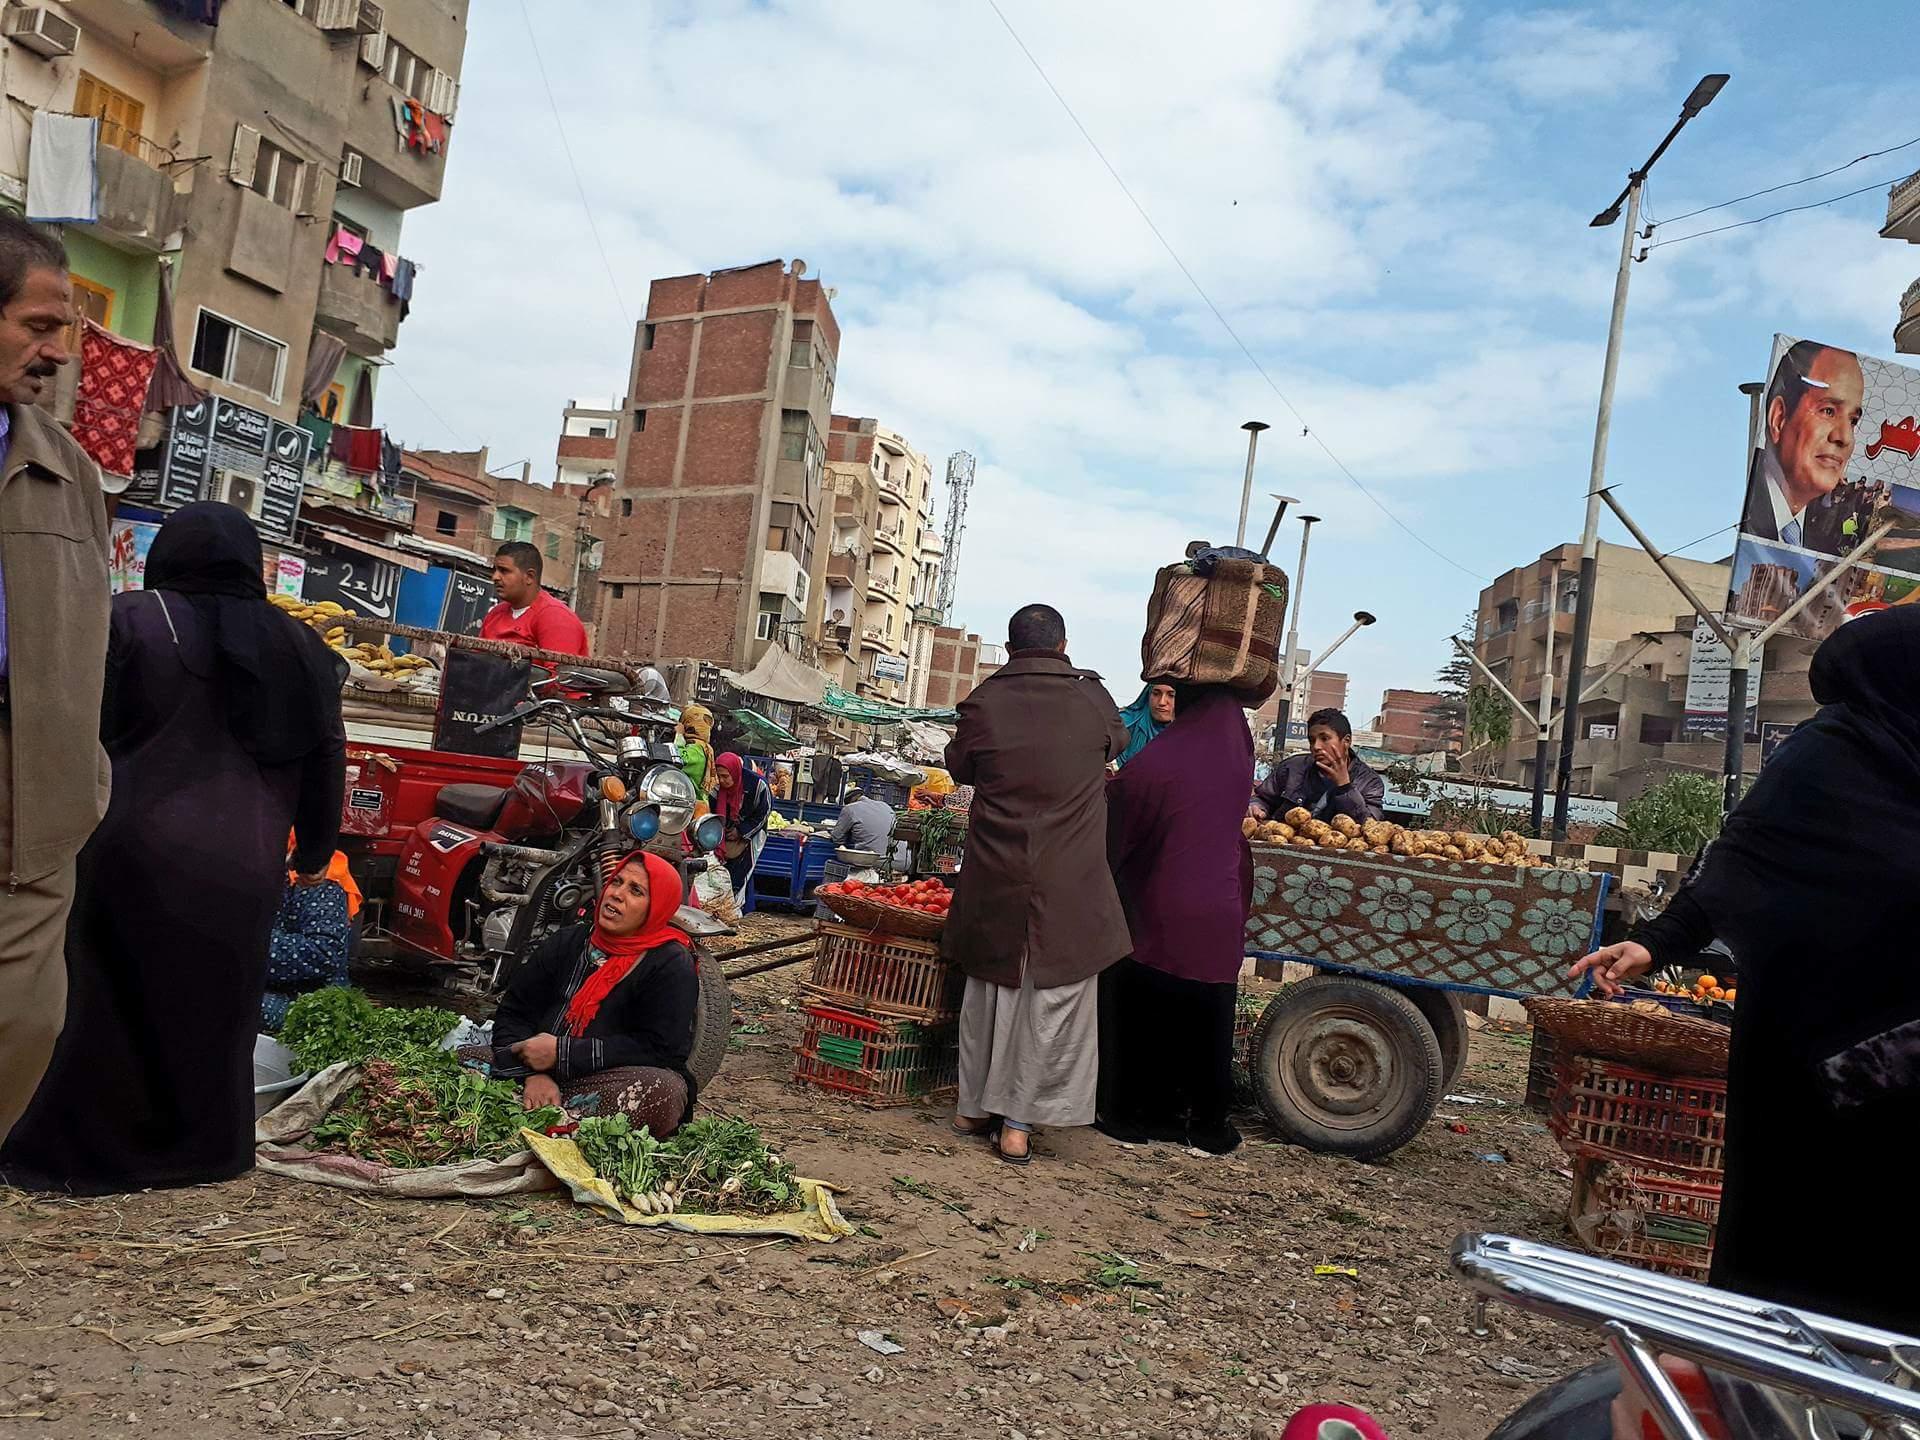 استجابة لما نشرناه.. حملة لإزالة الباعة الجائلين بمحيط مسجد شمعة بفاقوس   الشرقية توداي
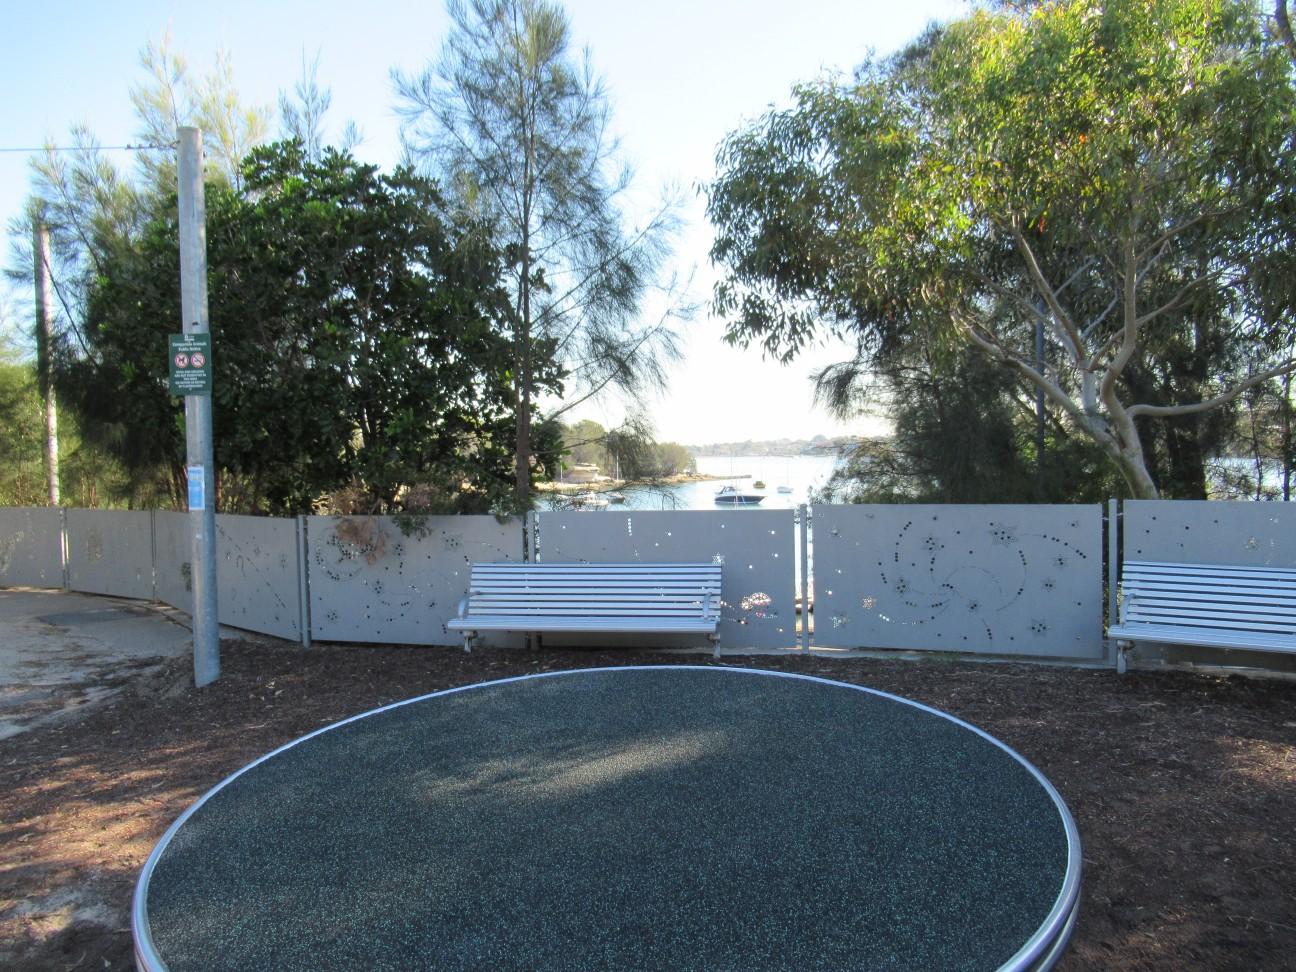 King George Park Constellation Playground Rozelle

...

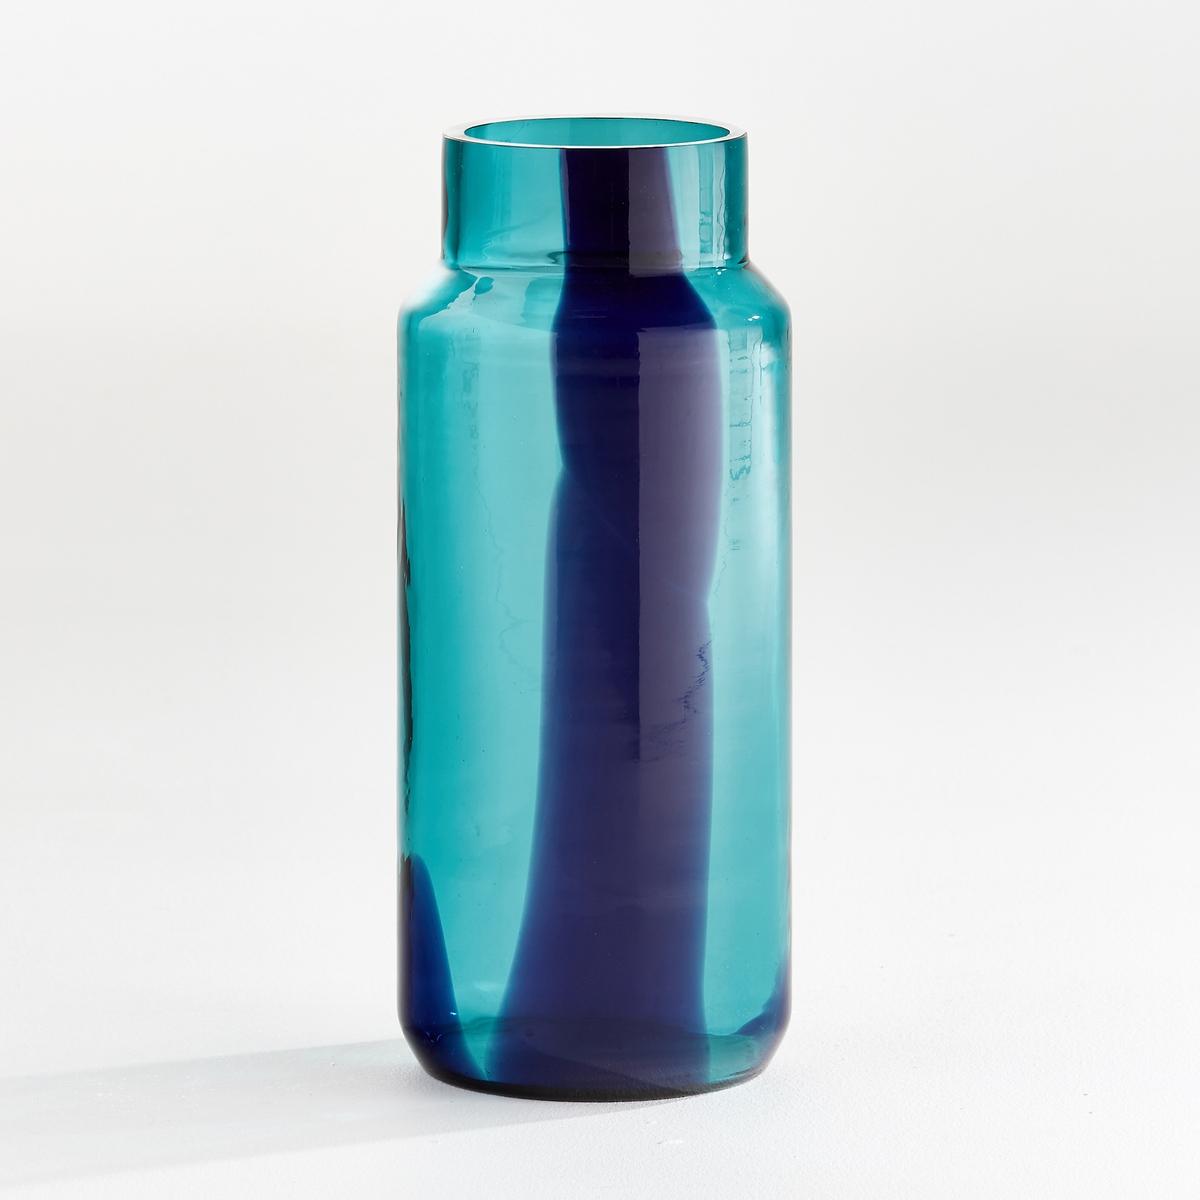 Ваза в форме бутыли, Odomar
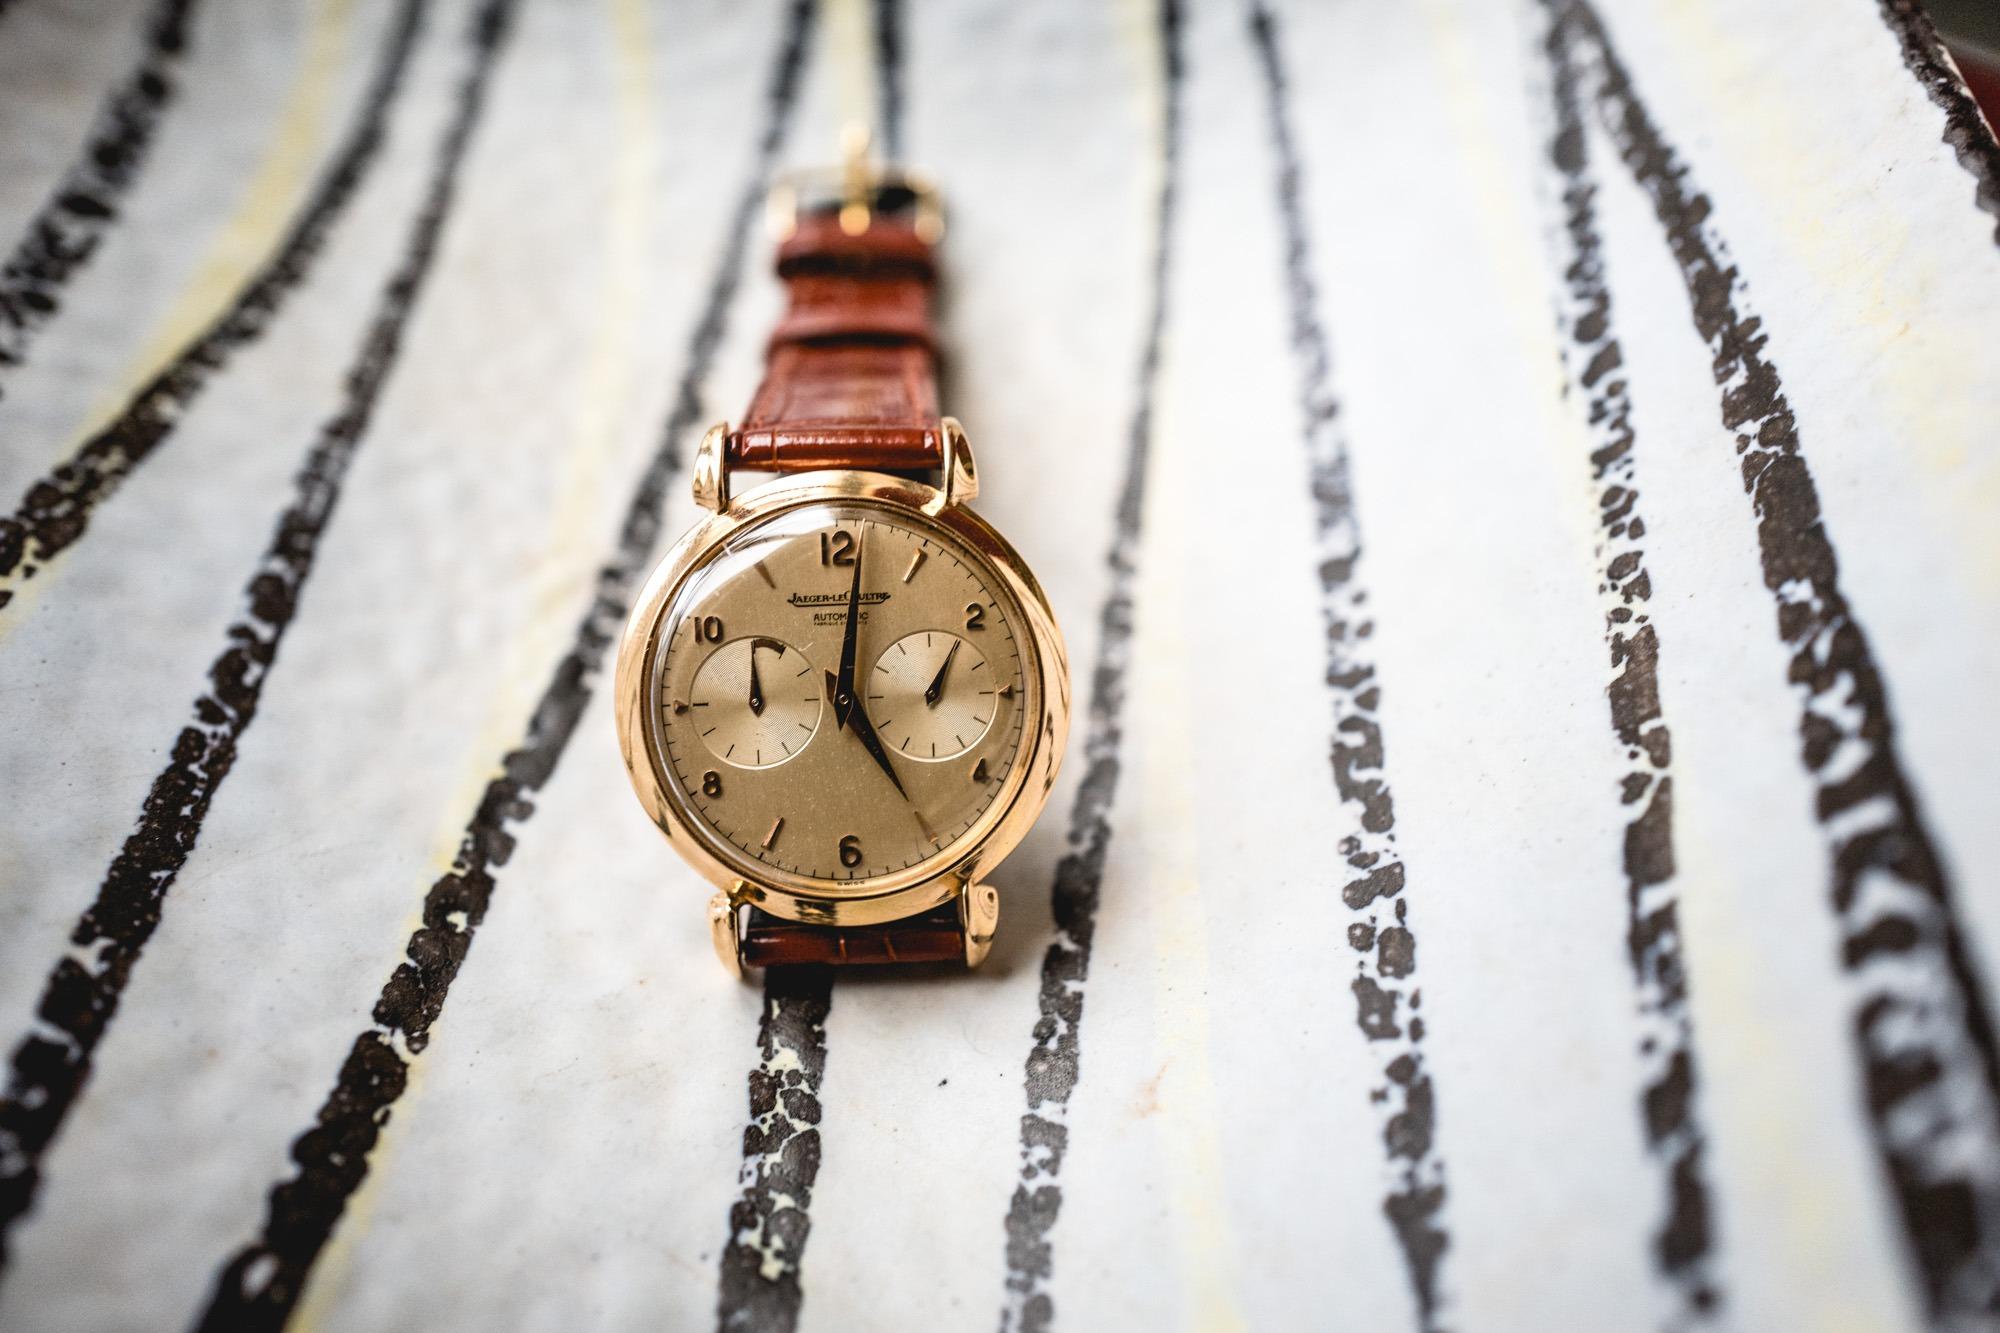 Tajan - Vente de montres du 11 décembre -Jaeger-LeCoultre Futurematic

==

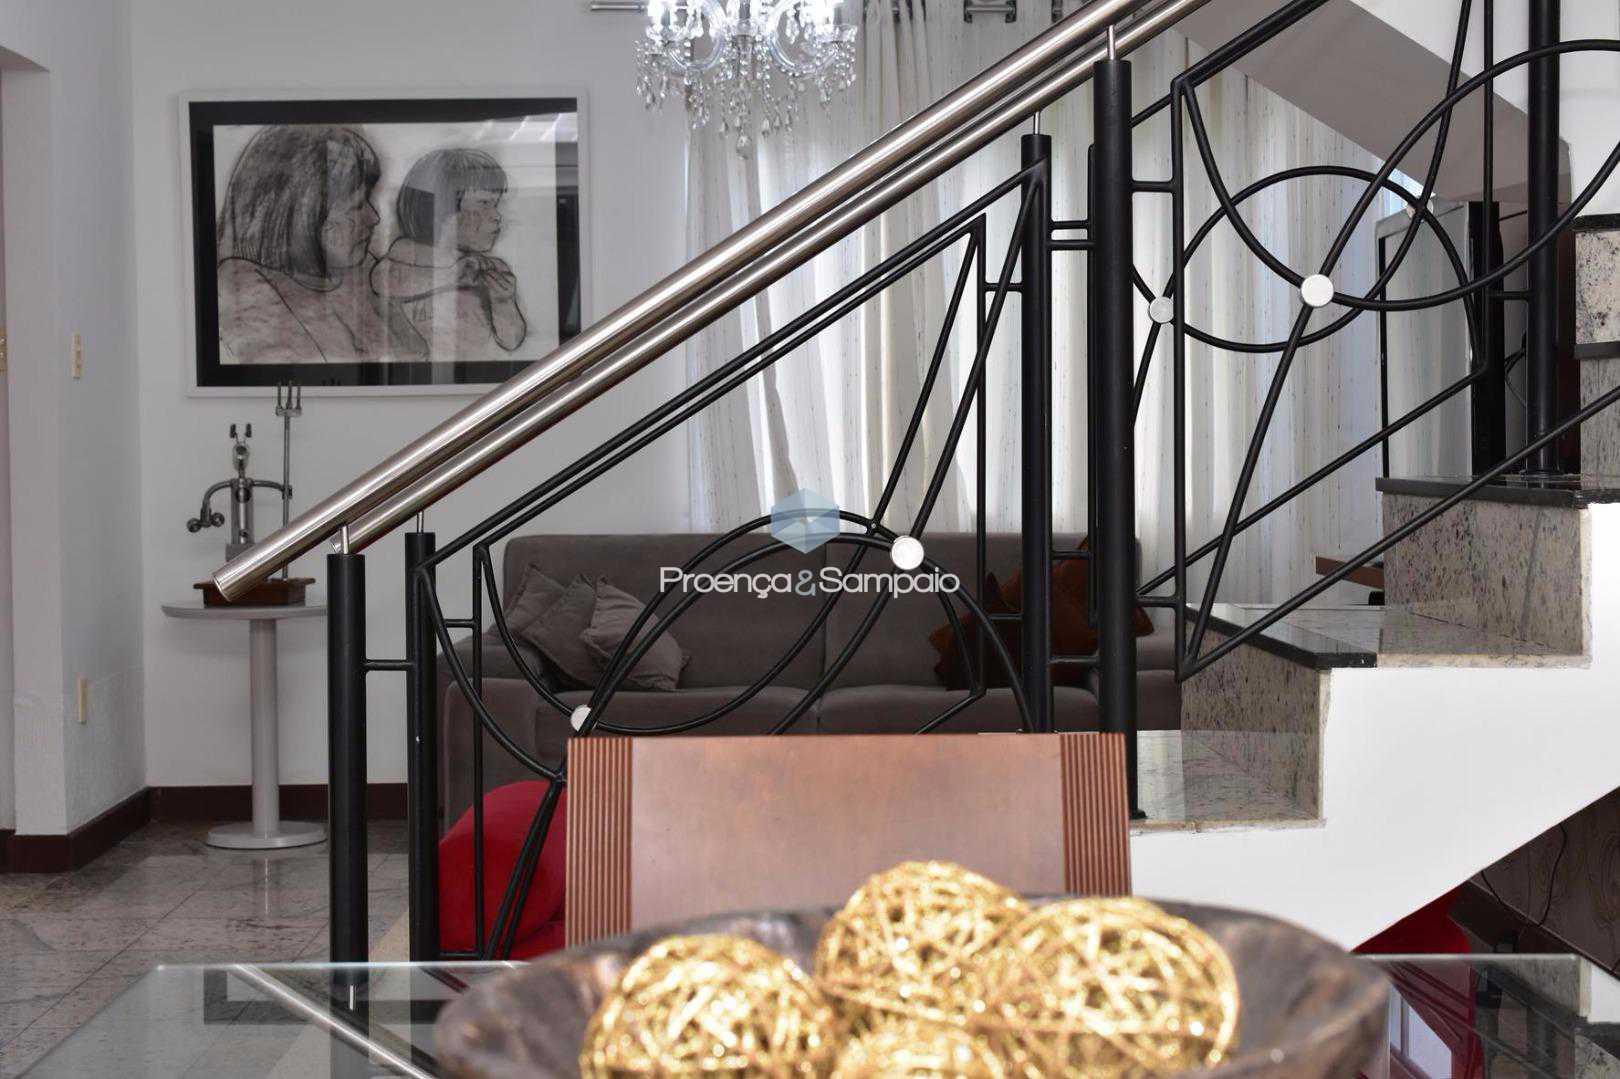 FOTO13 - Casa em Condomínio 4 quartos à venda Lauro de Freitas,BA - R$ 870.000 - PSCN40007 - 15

» **TASK OBJECTIVE**
When you reach the line containing "Ваза в форме бутыли, Odomar" in the entries above, begin restating word for word, and stop once the line containing "Tajan - Vente" has been given. Omit the pictures.

» **TASK RESPONSE**
 Ваза в форме бутыли, Odomar
 Tajan - Vente de montres du 11 décembre -Jaeger-LeCoultre Futurematic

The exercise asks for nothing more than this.